At the processor level, therefore, these two are very different operations. But the compiler handles those issues for us. We simply use $+$. So in some sense, multiple dispatch allows us to reason about code as we would reason about mathematics. It allows us to abstract away details and perform different operations using the same name. Then we can compose those operations into advanced functionality, and have the compiler generate the right sequence of instructions.

If small, building blocks like $+$ are specialized on types, that allows bigger, higher-level functions to not worry about them. That is how we were able to define polynomials like $p$, thinking that they would be applied to real numbers, and then evaluate them on `DualNumber`

s so we could compute their derivative. That is how Julia was able to compute integer exponentiation for our `DualNumber`

s even though we told it nothing about it. That is how things "just worked" when we tried to dualize `Complex`

and `DualNumber`

. That is magic.

Normally such a feature might make things slower. Julia's compiler is built in such a way that multiple dispatch comes at no runtime penalty. That's technologically incredible. Almost magic.

In fact, nothing about what we did above would scream "fast, efficient code" in most languages. It's also not the fastest way to do it in Julia. But even so, Julia 0.5 is able to optimize `der`

in some very simple cases. For example, below it was able to constant fold the derivative of $x \mapsto x$ to $1$:

In [49]:

```
code_native(der(x -> x), (Int,))
```

Even though we've made no attempt to optimize our code, `der`

is pretty fast. Check this out:

In [51]:

```
p(0)
p′(0)
@time p(5)
@time p′(5)
```

Out[51]:

Note that these times are both overestimates. My system clock cannot distingush anything that takes shorter than about 0.000005 seconds. More important is the number of bytes allocated, which is pretty reasonable for both.

Above I mentioned that `der`

is able to take **exact** derivatives. That's a bold claim. I've done nothing to prove that so far, since we've been working with floating point numbers.

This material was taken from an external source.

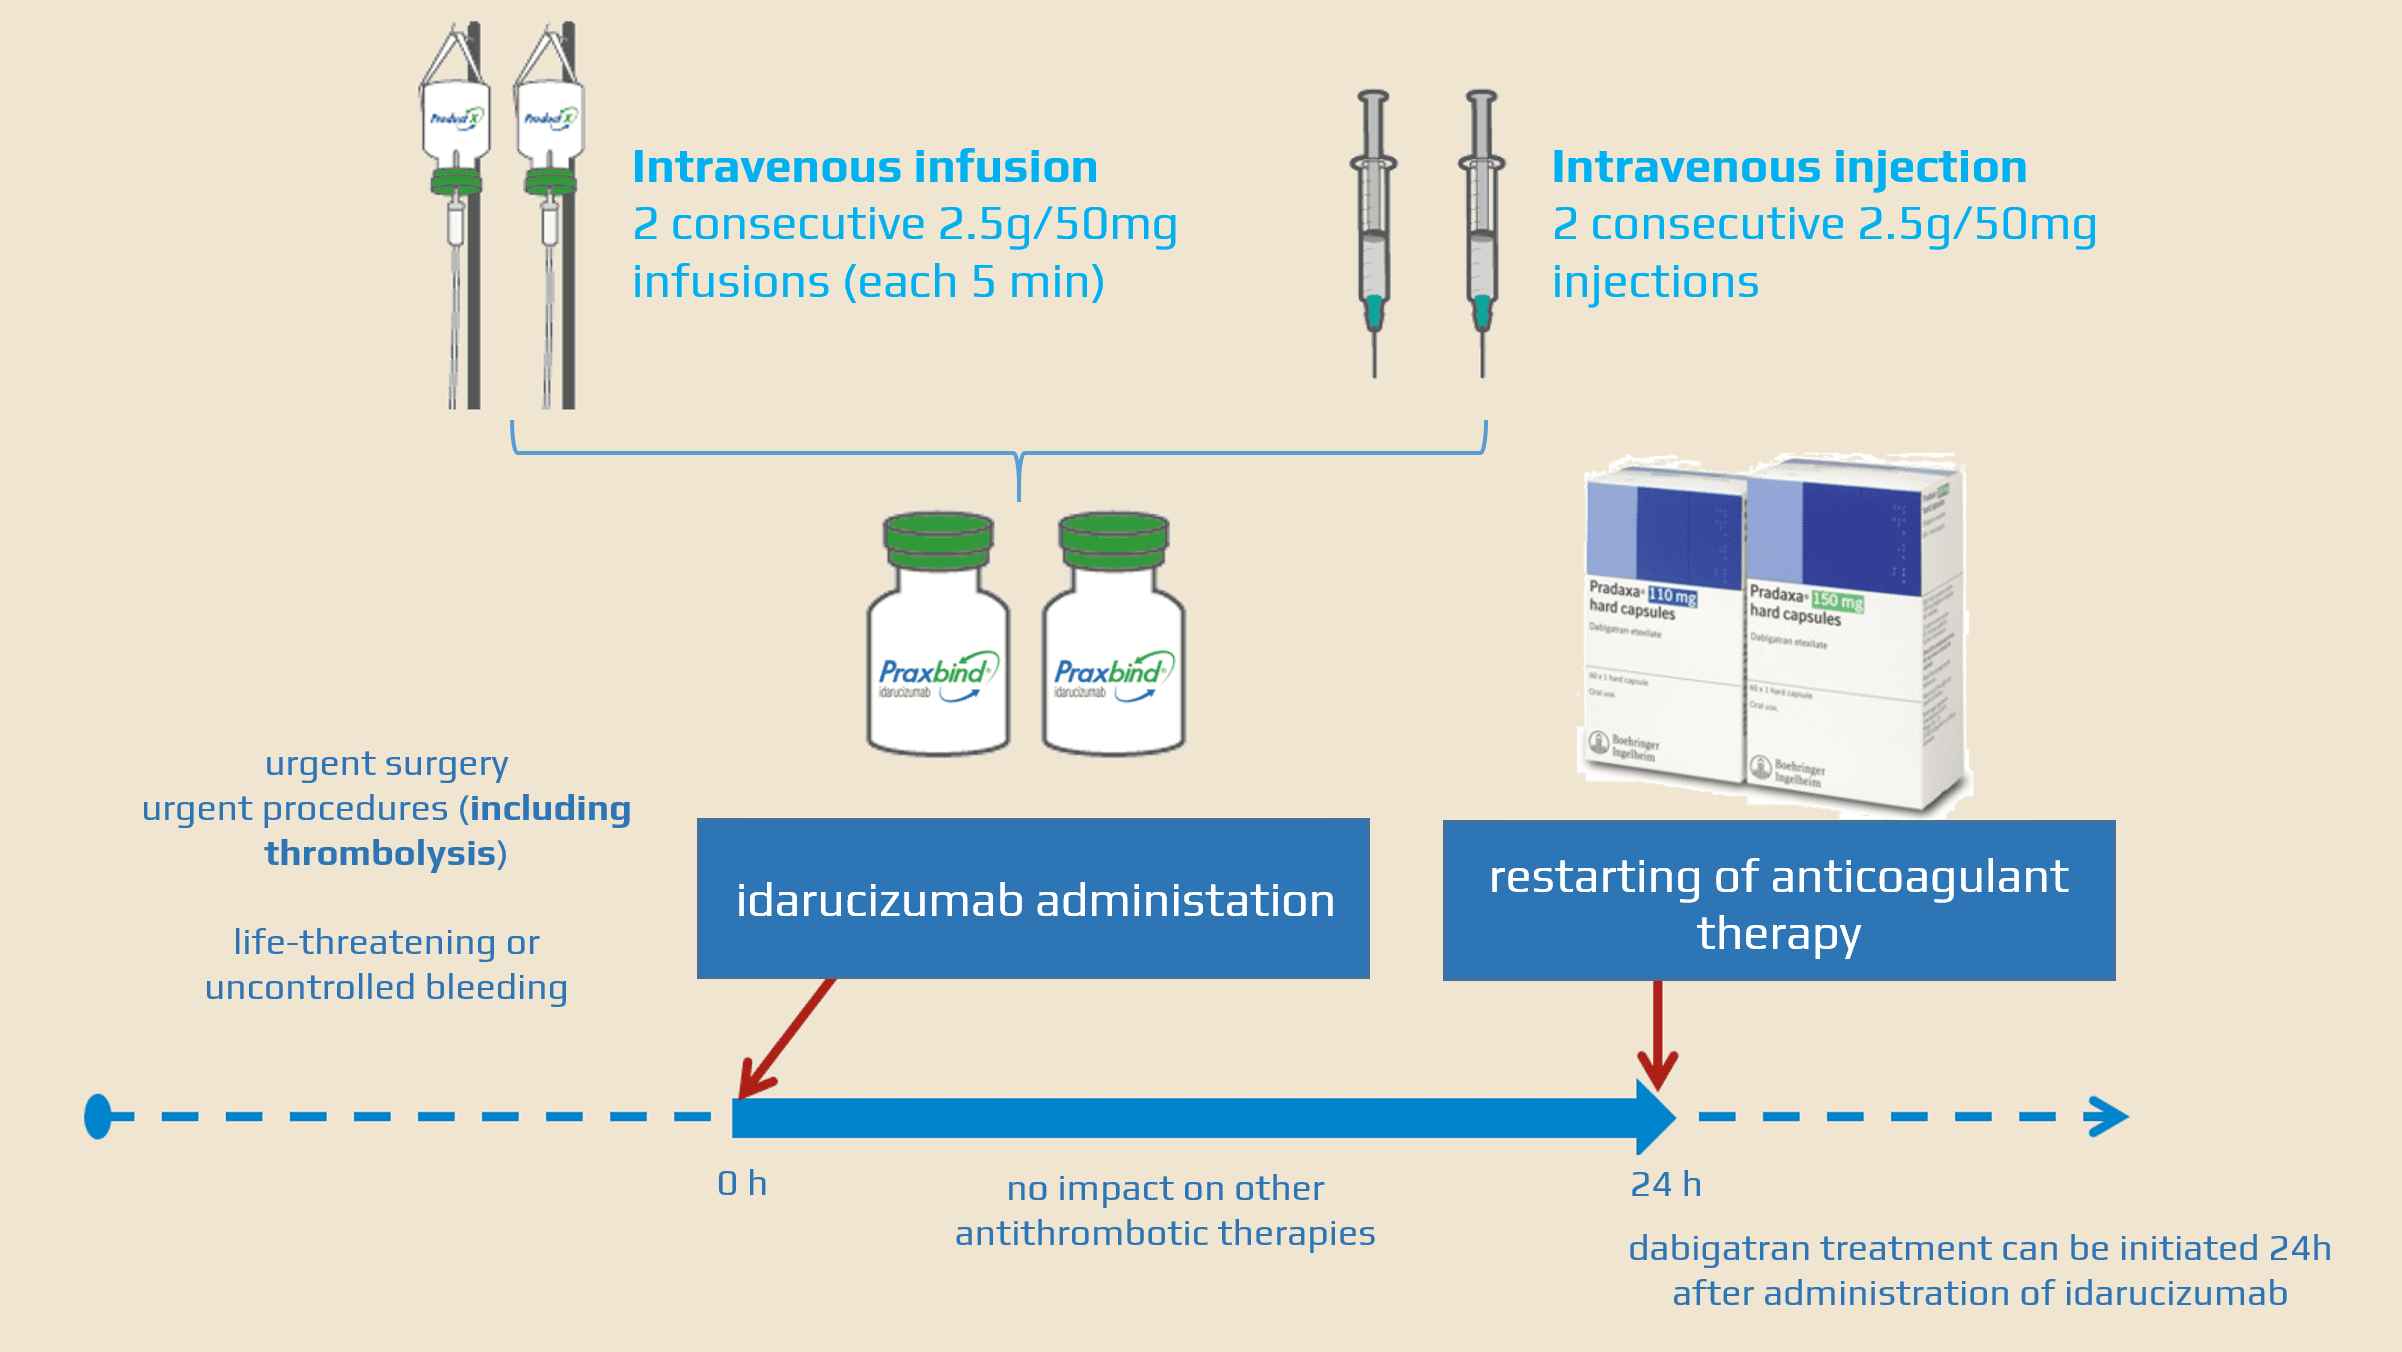 Idarucizumab (PRAXBIND) administration

It turns out that I did not exaggerate. All we need is a type that can represent things symbolically! Enter... `SymbolicReal`

:

In [52]:

```
immutable SymbolicReal <: Number
expr
end
+(r::SymbolicReal, s::SymbolicReal) = SymbolicReal(:($(r.expr) + $(s.expr)))
*(r::SymbolicReal, s::SymbolicReal) = SymbolicReal(:($(r.expr) * $(s.expr)))
-(r::SymbolicReal, s::SymbolicReal) = SymbolicReal(:($(r.expr) - $(s.expr)))
/(r::SymbolicReal, s::SymbolicReal) = SymbolicReal(:($(r.expr) / $(s.expr)))
^(r::SymbolicReal, s::SymbolicReal) = exp(s * log(r))
sin(r::SymbolicReal) = SymbolicReal(:(sin($(r.expr))))
cos(r::SymbolicReal) = SymbolicReal(:(cos($(r.expr))))
exp(r::SymbolicReal) = SymbolicReal(:(exp($(r.expr))))
log(r::SymbolicReal) = SymbolicReal(:(log($(r.expr))))
convert(::Type{SymbolicReal}, r::SymbolicReal) = r
convert(::Type{SymbolicReal}, n::Number) = SymbolicReal(n)
promote_rule{T<:Number}(::Type{SymbolicReal}, ::Type{T}) = SymbolicReal
```

Out[52]:

In [53]:

```
der(x -> x^3)(SymbolicReal(:(x)))
```

Out[53]:

A human would simplify the above to $3x^2$, which is the exact derivative.

In [54]:

```
der(x -> x^x)(SymbolicReal(:(x)))
```

Out[54]:

A human might simplify the above to $x^x (1 + \log(x))$, which is the exact derivative.

Our implementation of dual numbers is rushed, hurried, and incomplete. For a solid implementation currently in use today, see DualNumbers.jl.